Just to give a few examples of the problems buses face in Sunderland due to council involvement
No traffic control on Vine Place/Holmeside or at other problem areas like Pallion, Southwick ect.
Traffic lights that are set up against buses. John Street to West Wear street is on green then when they change to red the lights that take you onto Wearmouth bridge change from green to red, then the confusion to deal with from other drivers as the traffic lights here are signaled as NO RIGHT TURN so effectively nothing should then turn right onto Wearmouth Bridge. Badly positioned bus stop infrastructure, bus stops positioned that close to the curb its impossible to pull up at the bus stop close to the curb because the bus stop pole, shelter or other street furniture will either remove the near side mirror or miss judge you position by an inch and your scrapping the front corner of the bus.
Anyway enough about that and back on subject of the Tyne and Wear metro. Nexus only franchised it out because they new it was about to crumble. DB were basically given a spanner to try and tighten a screw, why is nobody shouting for nexus to take back control??? The only thing that should have happened was that they should have been made to sell it into private ownership. DB, First, Go-Ahead, Stagecoach or any of the other private transport company's would have made the system make a profit, anyone that says they couldn't is just saying the system will never be profitable and we as tax payers will constantly be paying to try and make something work that never will.

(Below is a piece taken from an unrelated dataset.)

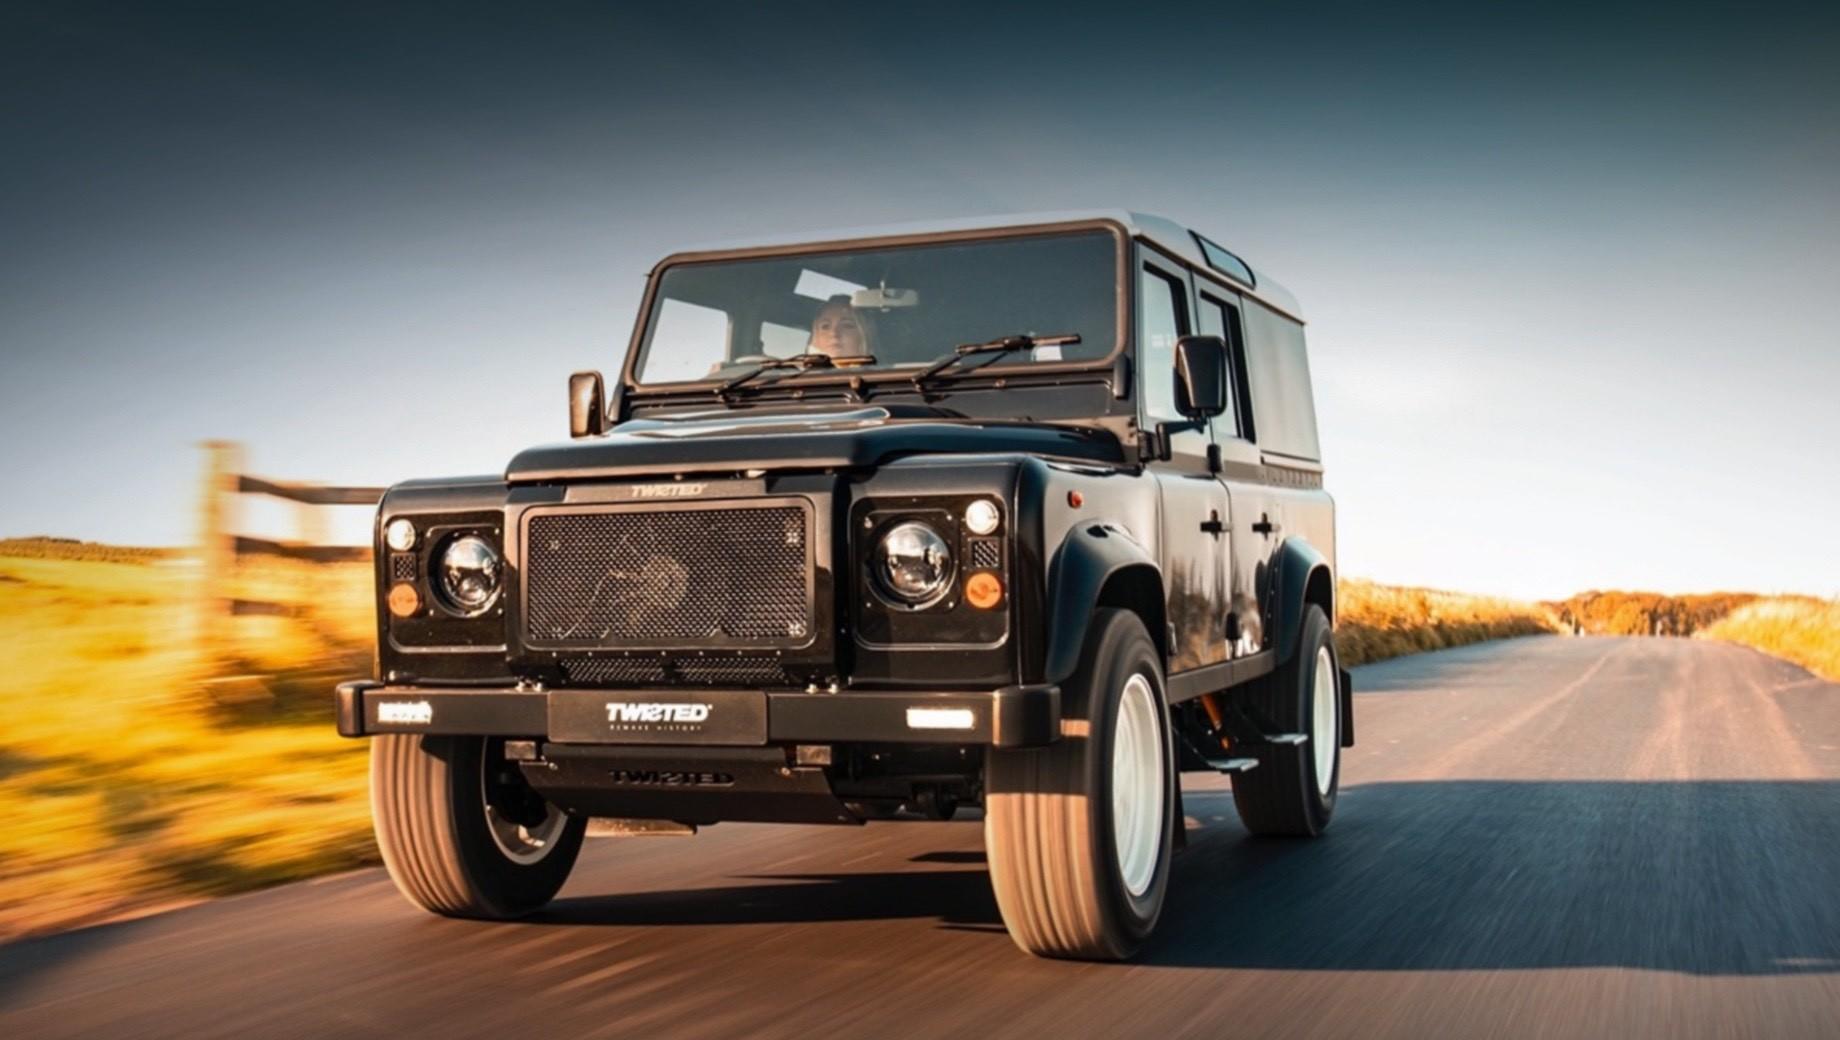 Ателье Twisted приучило к розетке классический Land Rover Defender

But we're talking about a gap in service from a customer perspective here? The two can be compared, as the only reference point is punctuality.
Traffic congestion or leaves on the track aren't going to make a blind bit of difference to your average customer. If either a train or a bus is timetabled at a set time, then the customer expectation is it arrives at that time. If there are regular issues creating a gap in the timetable, then they need to be addressed. It's basic problem management.
I think as enthusiasts, we're too quick to look at then nitty gritty as to why a service is late, and try and use the reasons behind it as valid reasoning. I'm not saying that's right or wrong, but the businesses exist because there's a customer base using them. The regular customer quite frankly doesn't give a toss
why, but more what the operator is going to do to prevent it happening.
Homeside/Vine Place has had congestion issues for years. I doubt the lights timing for John Street to West Wear Street has changed in the past few years either. Shouldn't timetables be adjusted to reflect this? My experience are that most running times are quite tight at the best of times. One of the X1s I used yesterday was late, and the driver was trying to make up time by putting their foot down along Old Durham Road. Going through 3 red lights between The Galleries and Gateshead Interchange in the process. This is ridiculous, and there should never be a need for a driver to have to put their licence at risk. I see the same on my local Arriva routes during peak times too.
Quite interested to see your factual sources for the Metro system being about to crumble? I'm not necessarily disagreeing with what you're saying at this stage, but it's quite a claim to make without putting a source to it? You may want to back it up by telling us about the grand work those private companies do in the rail industry, and about how little subsidy they take from the tax payer?